Farming of crops of hay has changed radically in the last 3 decades away from permanent storage facilities or fully exposed bales. Currently, cut hay is predominantly rolled in to large cylindrical bales whose diameter is greater than their height. These cylindrical bales are very tightly rolled and are bound into the final shape so as to exclude air and water and to provide for ready movement with large scale equipment as the finished bales can weigh more than 1 ton and be valued at as much as $250 in some regions, each.
To provide for centralized storage and natural curing, the bales are arranged axially, more or less, along the surface of the ground into a laterally arranged tubular array while being simultaneously wrapped in 1 or more layers of plastic film. Automatic machinery is known in the art for this purpose which are adapted to receive individual bales sequentially, and then to compress each new bale on to the end of the axial array of bales and then to wrap the array continuously by rotating supplies of plastic film. Once wrapped the axial array of bales is lowered axially and vertically on to the receiving surface without breaking the seal of the film or the film itself.
As the bale array is advanced the film supply is spirally wound around the main axis in 1 or more individual layers each of which will overlap at least 1 of layer from the previous wrap.
Problematic situations occur when the ground is not level and at the beginning and end of each tubular array. When such situations occur additional wraps my be included by slowing down or stopping the advance of the baler whereby the pitch of spiral may be reduced even to 0 thereby wrapping the bale array in a multi-layer cylindrical fashion.
Even more problematic are the 1st and last bales in an array as the whole array must be kept completely sealed from weather so as to process correctly without losses. Thus, the 1st and last bales are fitted with an end cap which is fed through the wrapper to start or finish an in line array. Wrapping the last bale is problematic as the sheet film must not only overwrap the helix but also must permanently seal the end of the array by extending upstream of the array enough to stretch and seal with the end cap across at least a portion of its final transverse surface.
Such wrapping machines should be operated with great care and patience as the loads and stresses are very high and the moving parts include steel structures which operate rotationally in the open at high relative speeds. Farming efficiency and the vagaries of the weather dictate that wrapping should proceed not only carefully and uniformly but at high and continuous rates of production. Typical farming operations such as this one are conducted on long work shifts often in inclement conditions. Operators must be fully trained and operate strictly in accordance with planned procedures.

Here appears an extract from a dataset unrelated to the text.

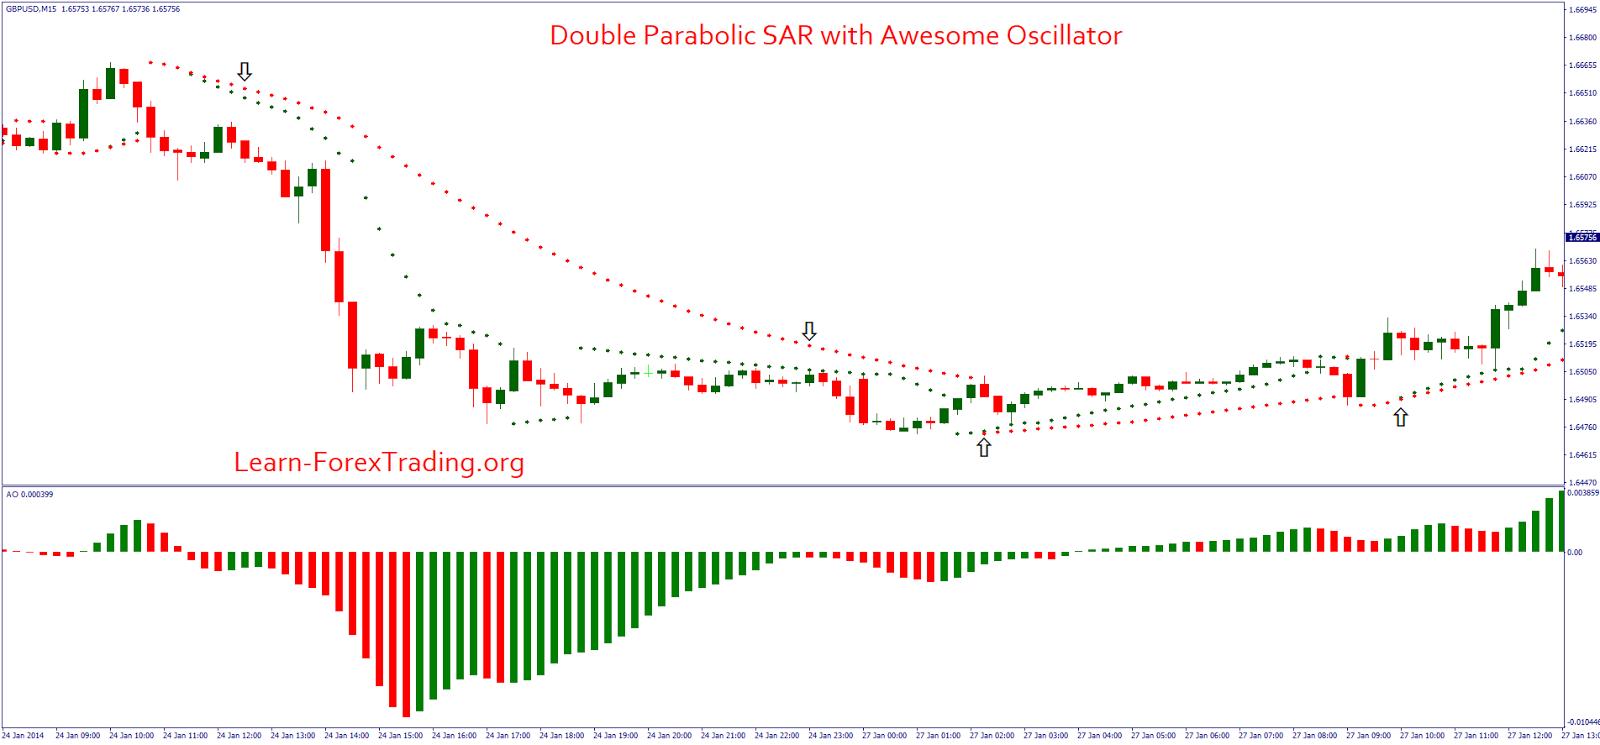 Parabolisks sar rādītājs binārā opcijas. Parabolisks Sar Rādītājs Binārā Opcijas

All of the rotating parts of the bale wrapper are separated from operator work space by substantial guards which must remain in place before the wrapper severance of the film is required at the trailing end of any bale line. Known machines have left severance of the film and associated termination activities to the user as a manual operation. This involves full stoppage of the wrapper, isolation of hydraulic circuits, removal of machinery guards, manual tearing of the film well inside the outer boundary of the rotating parts and return of the guards. On occasion, operators have been known to ignore machinery guards to reach inside the outer boundary, an entirely unsafe procedure with catastrophic consequences in the event of unplanned actions. This is particularly so where more than 1 layer of film is being applied from 2 or more rotary supply stations where stoppage and severance of the film must procedure in 2 or as many as 4 individual steps.
In more detail, manual severance requires:                (a) stopping the machine feed at the end of supply while still within the cylindrical boundary of the film supply,        (b) this stops machine travel and, thus, the continuous double helix of the wrapping material,        (c) rotary film travel is stopped,        (d) the operator then attends the film area of the machine,        (e) the film area guard is slid laterally to expose the film supply and completely cover the operational controls,        (f) the film is manually torn or cut starting at the downstream side and working across the surface of the film in a generally upstream direction,        (g) the film area guard is slid laterally to its original condition,        (h) the rotary film travel is re-started for 1-2 cycles, and        (i) these steps are repeated.